CONTROL UNIT FOR AN ELECTRIC VEHICLE WITH AN ELECTROMECHANICAL BRAKE UNIT, VEHICLE THEREWITH AND METHOD OF USE

Abstract

A control unit (56) for a vehicle (10) with an electric drive (12) and an electromechanically actuated brake unit (14) includes a high-voltage DC link (20) disconnectably connected to a first energy store (24) of the electric drive (12), a converter (18) connected to the high-voltage DC link (20) and operable bidirectionally, and an electric motor (16) connected to the converter (18) for driving a wheel (50) of the vehicle (10). A brake drive circuit (36) is connected to the high-voltage DC link (20), and another electric motor (34), is connected to the brake drive circuit (36). A function block (55) has an input (69) for receiving a voltage signal (68) indicative of the voltage of the high-voltage DC link (20), a first output (63) for outputting a converter drive signal (60), and a first closed-loop controller unit (66) for generating the converter drive signal (60).

Claims

1. A control unit (56) for a vehicle (10) having an electric drive (12) and an electromechanically actuated brake unit (14), wherein the electric drive (12) includes a high-voltage DC link (20) disconnectably connected to a first energy store (24) of the electric drive (12), a converter (18) connected to the high-voltage DC link (20) and operable bidirectionally, and an electric drive motor (16) connected to the converter (18) for driving a wheel (50) of the vehicle (10), the electric motor being operable in a generator mode, wherein the electromechanically actuated brake unit (14) includes a brake drive circuit (36) connected to the high-voltage DC link (20), and an electric brake motor (34) connected to the brake drive circuit (36), for actuating a brake of the vehicle (10), wherein the control unit comprises a function block (55), which includes: an input (69) for receiving a voltage signal (68) indicative of the voltage of the high-voltage DC link (20), a first output (63) for outputting a converter drive signal (60) for driving the converter (18), and a first closed-loop controller unit (66) for generating the converter drive signal (60) depending on the received voltage signal (68) and a predefined comparison value (70), in particular a setpoint voltage value.
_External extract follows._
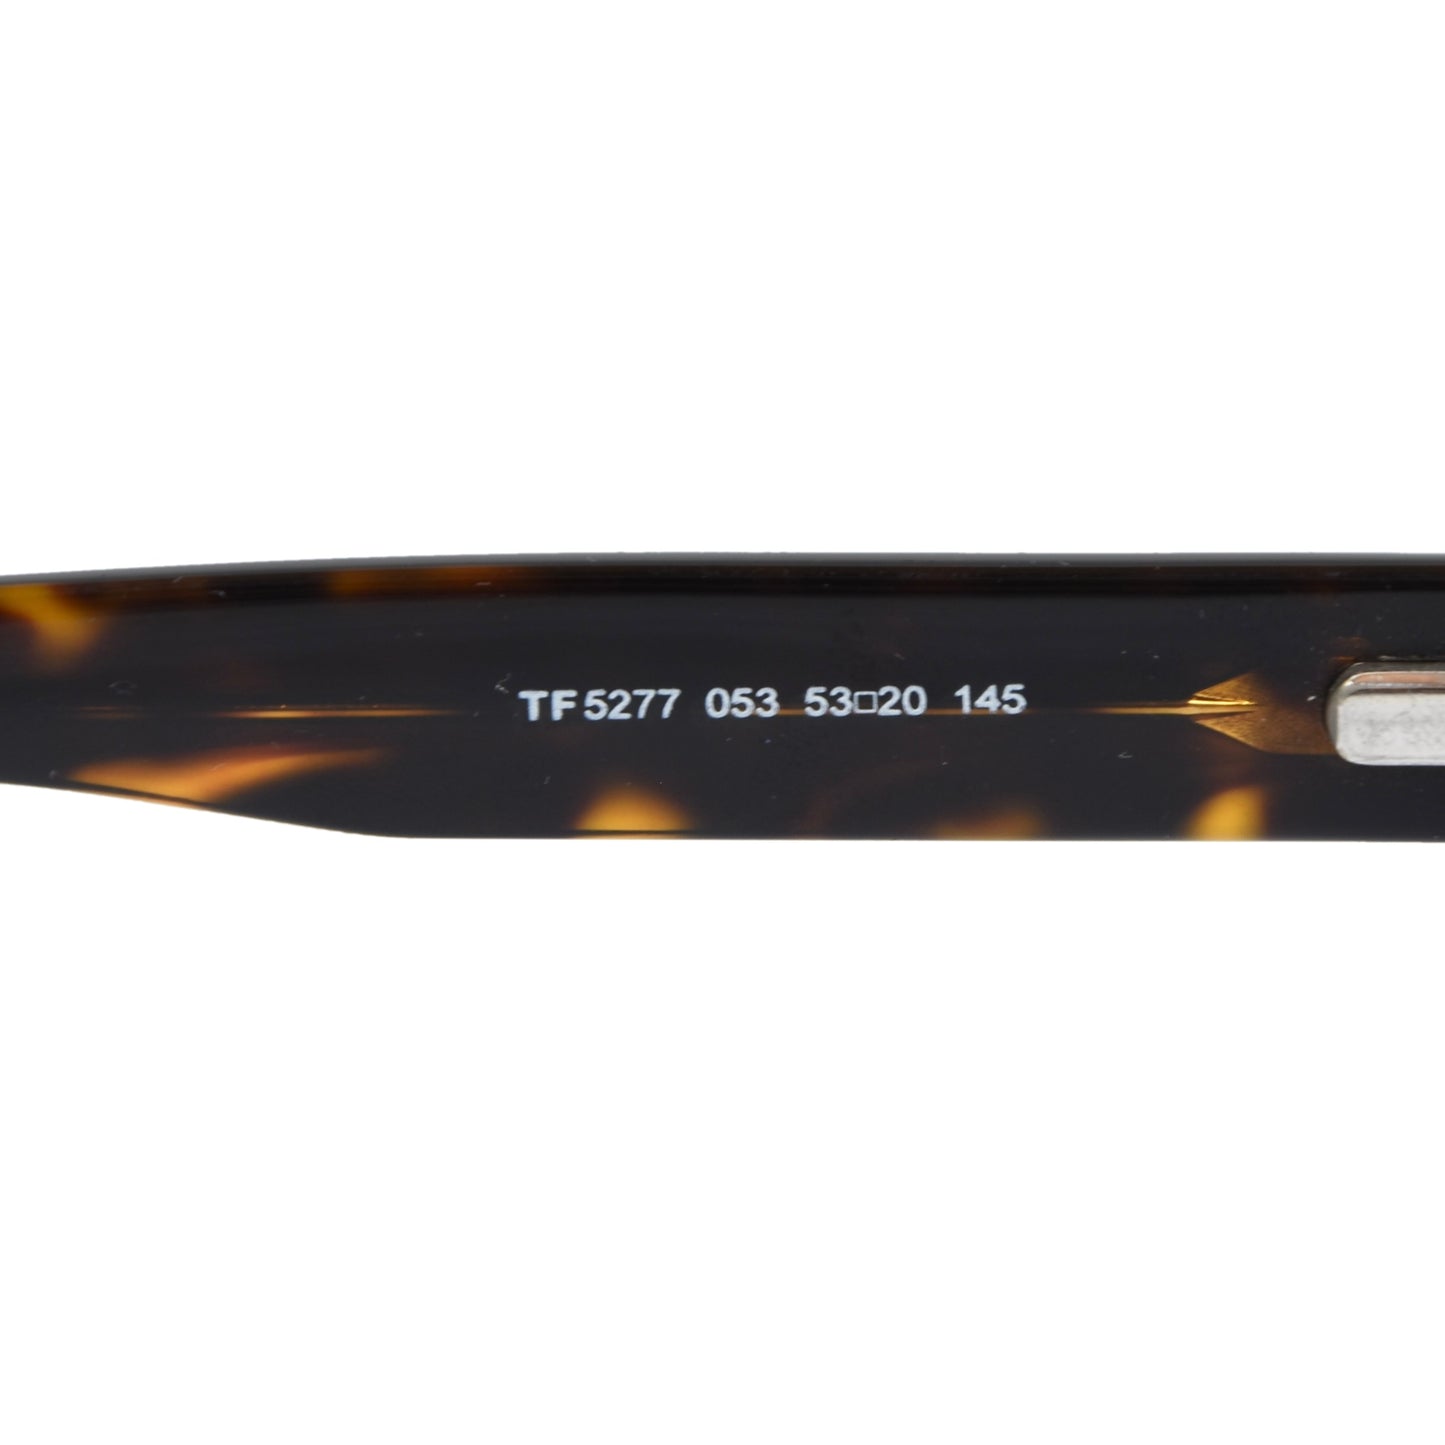 Tom Ford Brillenfassung Modell TF 5277 - Tortoise

2. The control unit (56) as claimed in claim 1, wherein the function block (55) additionally comprises: a second output (109) for outputting a DC-DC converter drive signal (108) for driving a DC-DC converter (46) connected between the high-voltage DC link (20) and a low-voltage DC link (48), and a second closed-loop controller unit (102) for generating the DC-DC converter drive signal (108) depending on the voltage signal (68) and on at least one of the comparison value (70) and a second comparison value (104).

3. The control unit (56) as claimed in claim 1, wherein the control unit (56) comprises a voltmeter (71) for measuring the voltage of the high-voltage DC link (20) to generate the voltage signal (68) therefrom and to supply the voltage signal (68) to the input (69) of the function block (55).

4. The control unit (56) as claimed in claim 1, wherein the control unit (56) comprises has a changeover switch (62) for switching over between a normal operating mode and an emergency operating mode, and the changeover switch (62) is configured to generate the converter drive signal (60) in the emergency operating mode depending on the received voltage signal (68) and the predefined comparison value (70) and in the normal operating mode depending on a torque request signal (64) received at a second input (67), for the electric drive (12).

5. A system for a vehicle (10), the system comprising the control unit (56) as claimed in claim 1 and the electric drive (12), wherein the electric drive (12) includes comprises: the high-voltage DC link (20) disconnectably connectable to the first energy store (24) of the electric drive (12), the converter (18) connected to the high-voltage DC link (20) and operable bidirectionally, and the electric drive motor (16) connected to the converter (18), for driving the wheel (50) of the vehicle (10), the electric motor being operable in the generator mode.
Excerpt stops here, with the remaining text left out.